Source data
——

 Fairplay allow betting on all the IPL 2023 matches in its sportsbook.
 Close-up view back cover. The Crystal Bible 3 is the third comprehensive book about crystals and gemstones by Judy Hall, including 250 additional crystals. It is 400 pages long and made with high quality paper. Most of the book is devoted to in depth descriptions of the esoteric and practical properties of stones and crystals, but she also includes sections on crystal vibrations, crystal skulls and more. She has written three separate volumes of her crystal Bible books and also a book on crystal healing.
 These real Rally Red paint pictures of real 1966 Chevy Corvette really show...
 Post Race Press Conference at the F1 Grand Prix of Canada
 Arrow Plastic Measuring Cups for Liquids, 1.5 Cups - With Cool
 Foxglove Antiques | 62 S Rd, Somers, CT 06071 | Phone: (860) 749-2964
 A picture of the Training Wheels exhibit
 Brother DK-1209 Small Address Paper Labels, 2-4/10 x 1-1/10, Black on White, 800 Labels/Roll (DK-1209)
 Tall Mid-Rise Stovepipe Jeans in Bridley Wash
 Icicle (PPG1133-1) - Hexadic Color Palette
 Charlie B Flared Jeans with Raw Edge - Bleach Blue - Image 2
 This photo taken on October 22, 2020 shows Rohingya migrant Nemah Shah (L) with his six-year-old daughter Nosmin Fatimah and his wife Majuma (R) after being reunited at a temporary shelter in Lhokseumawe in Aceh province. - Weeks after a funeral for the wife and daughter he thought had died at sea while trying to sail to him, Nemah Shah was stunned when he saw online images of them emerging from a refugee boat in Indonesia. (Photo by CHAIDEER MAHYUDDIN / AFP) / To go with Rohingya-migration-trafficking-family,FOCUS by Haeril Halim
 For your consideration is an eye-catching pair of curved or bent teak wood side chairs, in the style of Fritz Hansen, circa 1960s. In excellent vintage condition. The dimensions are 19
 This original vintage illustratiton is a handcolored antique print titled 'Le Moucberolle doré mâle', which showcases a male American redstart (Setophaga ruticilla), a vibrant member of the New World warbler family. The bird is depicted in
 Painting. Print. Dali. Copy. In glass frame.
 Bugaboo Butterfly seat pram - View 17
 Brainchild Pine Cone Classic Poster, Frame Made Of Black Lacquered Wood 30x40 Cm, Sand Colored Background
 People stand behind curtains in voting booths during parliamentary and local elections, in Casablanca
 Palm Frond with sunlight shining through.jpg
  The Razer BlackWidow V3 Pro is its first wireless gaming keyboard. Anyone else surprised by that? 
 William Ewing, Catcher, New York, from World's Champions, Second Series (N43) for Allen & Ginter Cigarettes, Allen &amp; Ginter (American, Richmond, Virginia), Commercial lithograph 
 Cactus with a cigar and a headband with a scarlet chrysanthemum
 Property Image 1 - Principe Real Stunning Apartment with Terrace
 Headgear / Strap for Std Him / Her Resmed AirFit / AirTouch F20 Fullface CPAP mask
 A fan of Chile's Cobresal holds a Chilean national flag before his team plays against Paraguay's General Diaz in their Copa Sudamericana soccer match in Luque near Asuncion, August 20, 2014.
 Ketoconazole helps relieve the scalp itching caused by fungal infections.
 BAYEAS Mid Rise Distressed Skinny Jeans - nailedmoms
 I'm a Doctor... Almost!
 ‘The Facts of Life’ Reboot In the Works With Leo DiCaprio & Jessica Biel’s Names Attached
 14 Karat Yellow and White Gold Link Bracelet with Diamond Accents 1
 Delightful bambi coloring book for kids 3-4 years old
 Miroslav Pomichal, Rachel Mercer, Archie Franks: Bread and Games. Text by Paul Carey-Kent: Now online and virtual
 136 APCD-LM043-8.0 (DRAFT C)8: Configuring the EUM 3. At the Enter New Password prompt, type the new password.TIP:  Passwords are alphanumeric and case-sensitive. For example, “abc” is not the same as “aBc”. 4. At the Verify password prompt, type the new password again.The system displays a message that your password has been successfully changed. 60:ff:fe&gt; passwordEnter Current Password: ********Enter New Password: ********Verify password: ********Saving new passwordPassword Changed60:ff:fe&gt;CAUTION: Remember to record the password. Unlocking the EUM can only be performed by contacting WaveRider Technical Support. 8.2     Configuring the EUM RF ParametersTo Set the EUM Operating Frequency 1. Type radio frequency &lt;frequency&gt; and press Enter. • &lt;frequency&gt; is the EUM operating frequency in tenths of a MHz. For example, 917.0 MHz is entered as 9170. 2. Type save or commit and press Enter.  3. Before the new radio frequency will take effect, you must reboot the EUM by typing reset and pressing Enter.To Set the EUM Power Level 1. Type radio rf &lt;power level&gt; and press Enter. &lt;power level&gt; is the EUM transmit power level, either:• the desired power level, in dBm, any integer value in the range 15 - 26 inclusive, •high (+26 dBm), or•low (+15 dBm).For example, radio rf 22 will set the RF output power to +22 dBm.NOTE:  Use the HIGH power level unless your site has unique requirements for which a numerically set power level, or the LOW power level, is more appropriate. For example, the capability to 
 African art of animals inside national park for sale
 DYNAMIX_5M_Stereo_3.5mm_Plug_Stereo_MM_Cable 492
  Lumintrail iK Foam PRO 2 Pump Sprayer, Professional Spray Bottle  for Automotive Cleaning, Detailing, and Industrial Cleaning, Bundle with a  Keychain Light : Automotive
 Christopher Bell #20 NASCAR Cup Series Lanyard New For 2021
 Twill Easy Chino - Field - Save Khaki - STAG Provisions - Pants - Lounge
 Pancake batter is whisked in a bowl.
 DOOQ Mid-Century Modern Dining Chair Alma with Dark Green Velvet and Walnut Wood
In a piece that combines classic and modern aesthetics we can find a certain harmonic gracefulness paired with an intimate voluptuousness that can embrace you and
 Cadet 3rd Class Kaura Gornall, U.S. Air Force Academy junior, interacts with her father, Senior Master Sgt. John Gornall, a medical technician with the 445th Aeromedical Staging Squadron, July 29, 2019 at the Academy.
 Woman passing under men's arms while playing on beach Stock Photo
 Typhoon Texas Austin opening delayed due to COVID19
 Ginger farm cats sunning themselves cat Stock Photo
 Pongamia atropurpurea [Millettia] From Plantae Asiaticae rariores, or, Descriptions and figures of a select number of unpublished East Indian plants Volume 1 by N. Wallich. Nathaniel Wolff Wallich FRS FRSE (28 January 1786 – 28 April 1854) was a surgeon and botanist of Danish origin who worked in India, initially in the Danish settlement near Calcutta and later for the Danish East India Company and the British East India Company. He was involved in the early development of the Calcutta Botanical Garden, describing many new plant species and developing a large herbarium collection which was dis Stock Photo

——

_About this exercise_. Given the records above, return exactly the lines starting at the line containing "Palm Frond with sunlight shining through.jpg" and ending at the line containing "Miroslav Pomichal, Rachel", including both.

_Completed exercise_.
 Palm Frond with sunlight shining through.jpg
  The Razer BlackWidow V3 Pro is its first wireless gaming keyboard. Anyone else surprised by that? 
 William Ewing, Catcher, New York, from World's Champions, Second Series (N43) for Allen & Ginter Cigarettes, Allen &amp; Ginter (American, Richmond, Virginia), Commercial lithograph 
 Cactus with a cigar and a headband with a scarlet chrysanthemum
 Property Image 1 - Principe Real Stunning Apartment with Terrace
 Headgear / Strap for Std Him / Her Resmed AirFit / AirTouch F20 Fullface CPAP mask
 A fan of Chile's Cobresal holds a Chilean national flag before his team plays against Paraguay's General Diaz in their Copa Sudamericana soccer match in Luque near Asuncion, August 20, 2014.
 Ketoconazole helps relieve the scalp itching caused by fungal infections.
 BAYEAS Mid Rise Distressed Skinny Jeans - nailedmoms
 I'm a Doctor... Almost!
 ‘The Facts of Life’ Reboot In the Works With Leo DiCaprio & Jessica Biel’s Names Attached
 14 Karat Yellow and White Gold Link Bracelet with Diamond Accents 1
 Delightful bambi coloring book for kids 3-4 years old
 Miroslav Pomichal, Rachel Mercer, Archie Franks: Bread and Games. Text by Paul Carey-Kent: Now online and virtual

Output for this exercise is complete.